A living will—also known as an Advance Health Care Directive—is a document in which the declarant or principal (person making the living will) specifies what kind of medical treatment the declarant does and does not want if the declarant has a medical emergency and is unable to communicate those wishes. A living will may direct health care providers to administer, withhold, or withdraw life-sustaining treatments if the declarant is in a terminal or irreversible condition.
Laws and terminology for documents related to living wills, Advance Health Care Directives, Do Not Resuscitate orders (DNRs), and other health care documents vary from state to state. These laws are generally located in a state’s statutes—often in the probate code or estates code.
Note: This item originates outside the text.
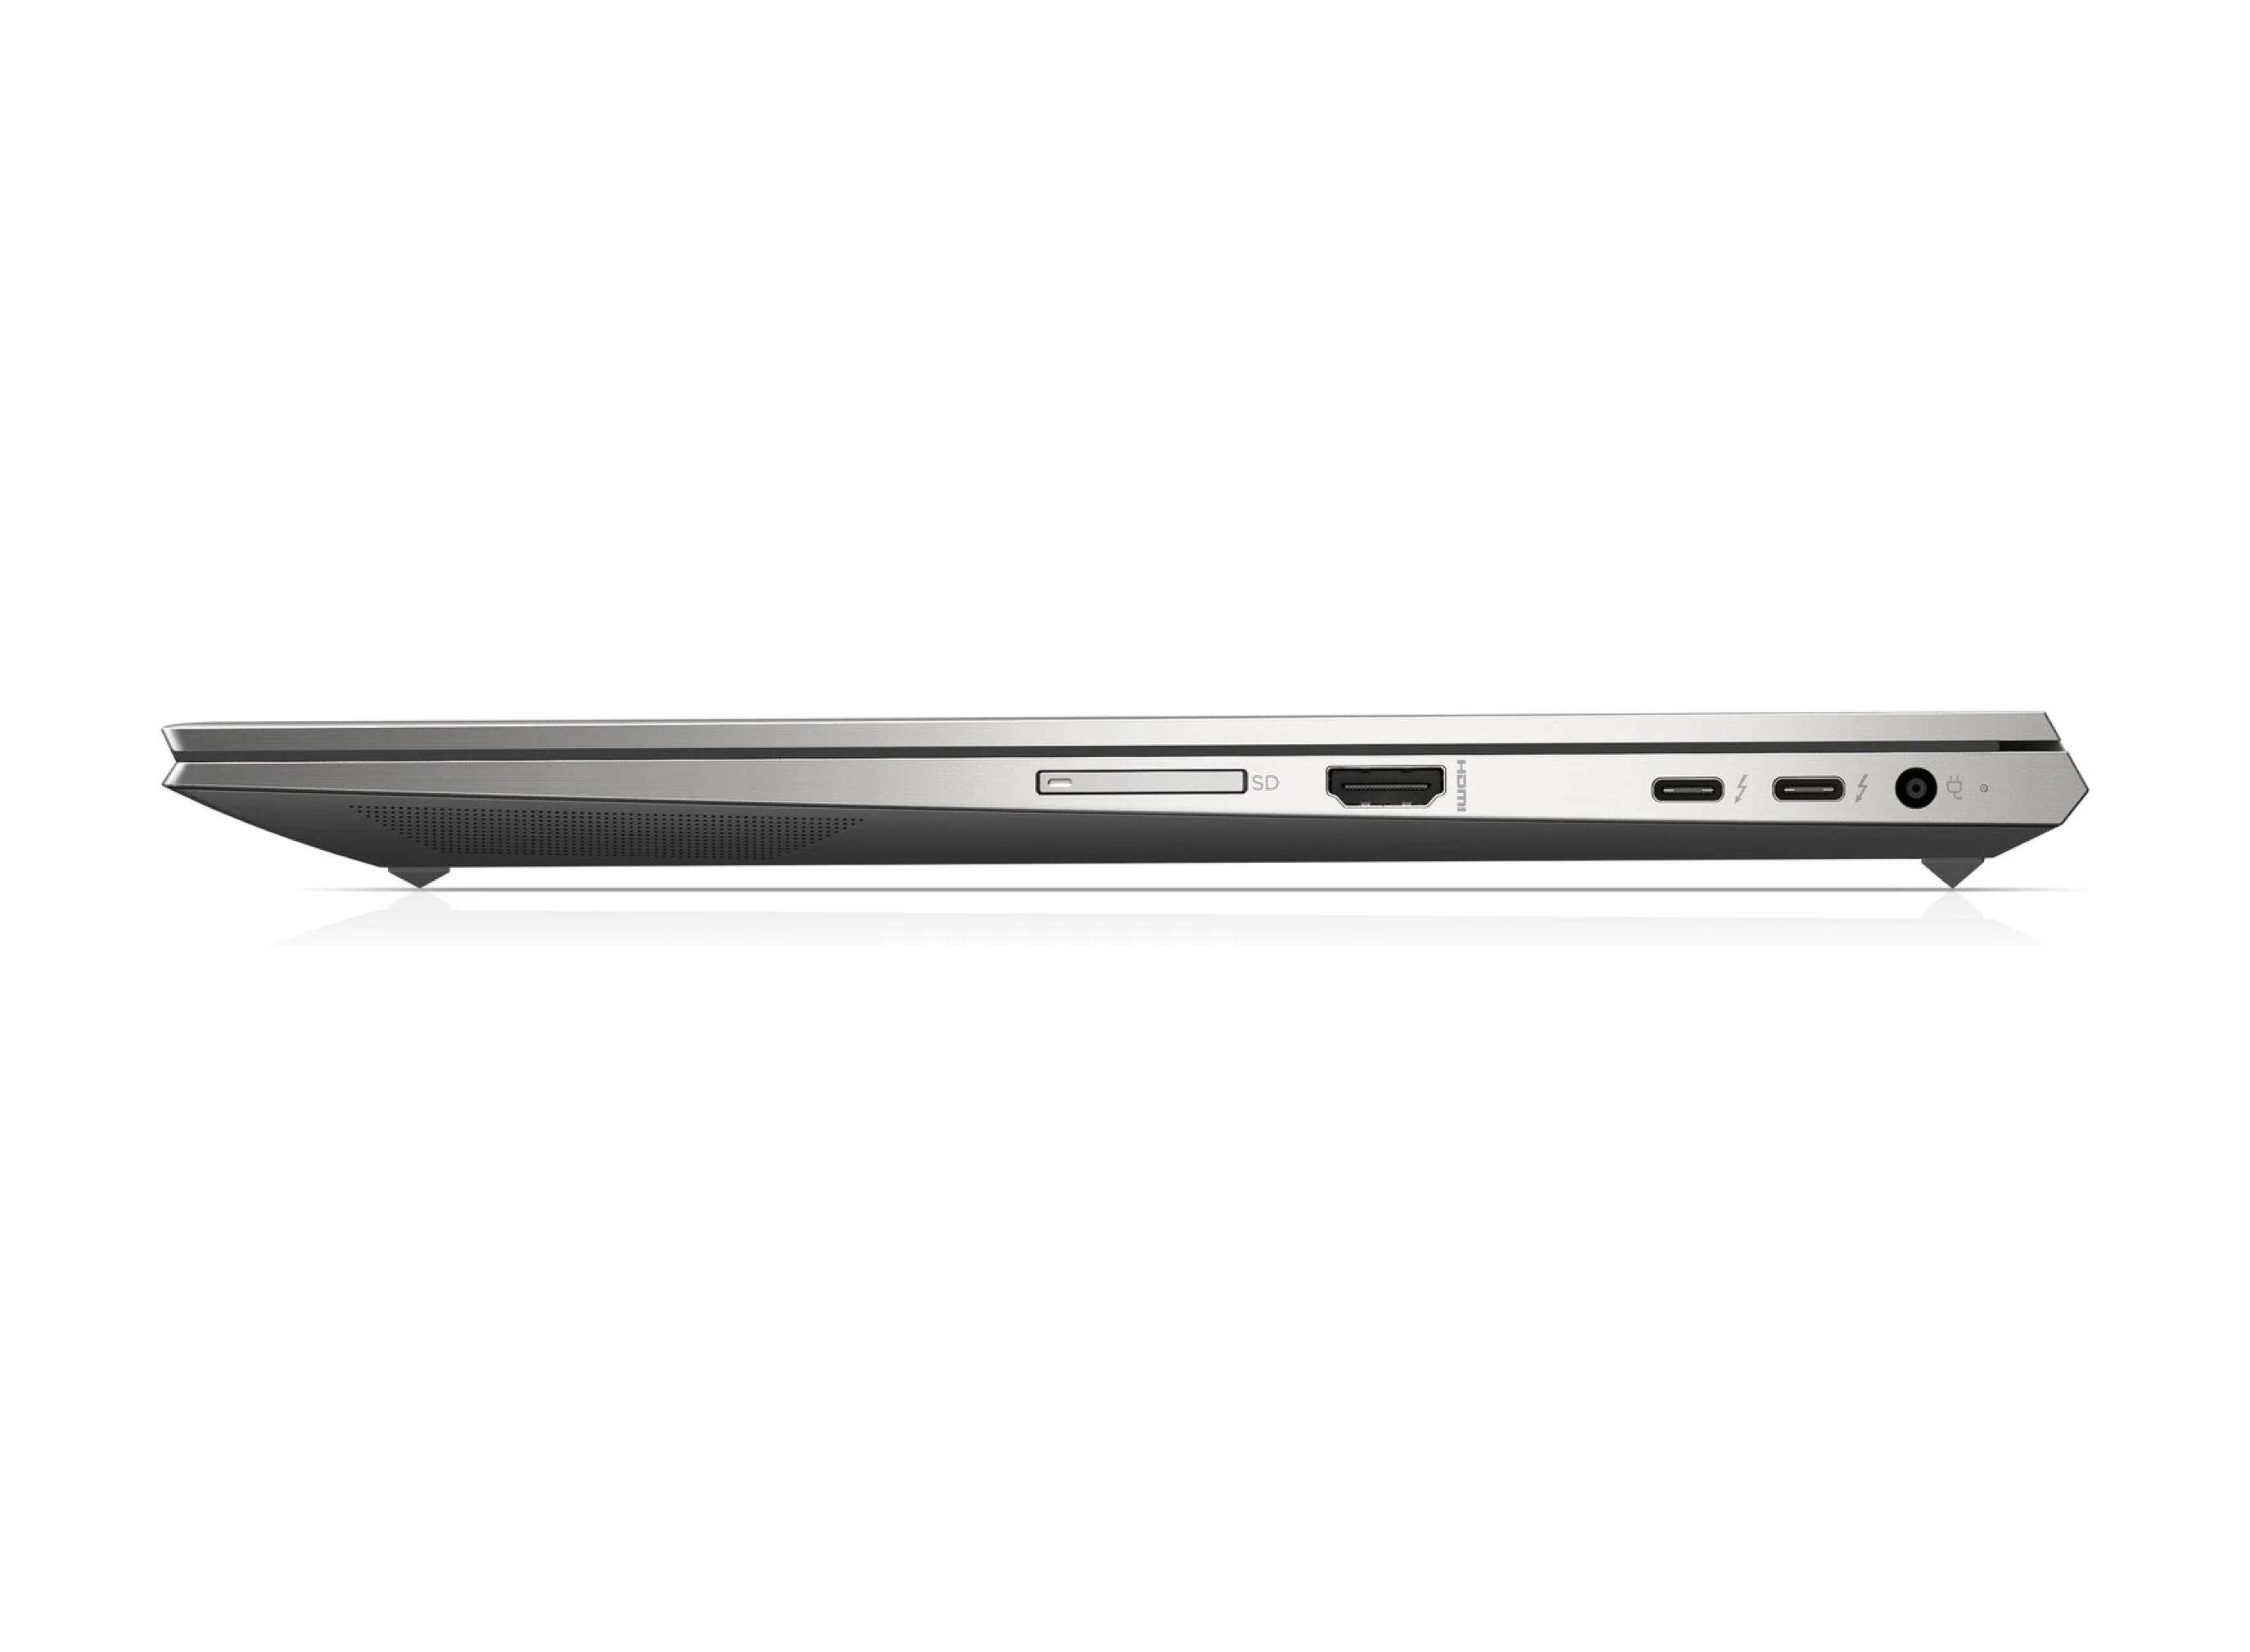  مشخصات لپ تاپ HP ZBook G7 Studio | لاکچری لپ تاپ

In West Virginia, a living will, also known as an Advance Directive for Health Care, is a legal document that allows an individual to state their wishes regarding medical treatment in the event that they become incapacitated and unable to communicate. This document can include instructions on the use of life-sustaining treatments if the individual is in a terminal condition or in a state of permanent unconsciousness. West Virginia Code Chapter 16, Article 30, specifically addresses the creation and use of advance directives. The law allows for the appointment of a health care surrogate to make decisions on behalf of the individual if they are unable to do so. Additionally, West Virginia recognizes Do Not Resuscitate (DNR) orders, which must be signed by both the patient and their physician, indicating that in the event of a cardiac or respiratory arrest, resuscitation should not be attempted. It's important for individuals to ensure that their living wills and other advance directives comply with West Virginia's specific legal requirements to be considered valid.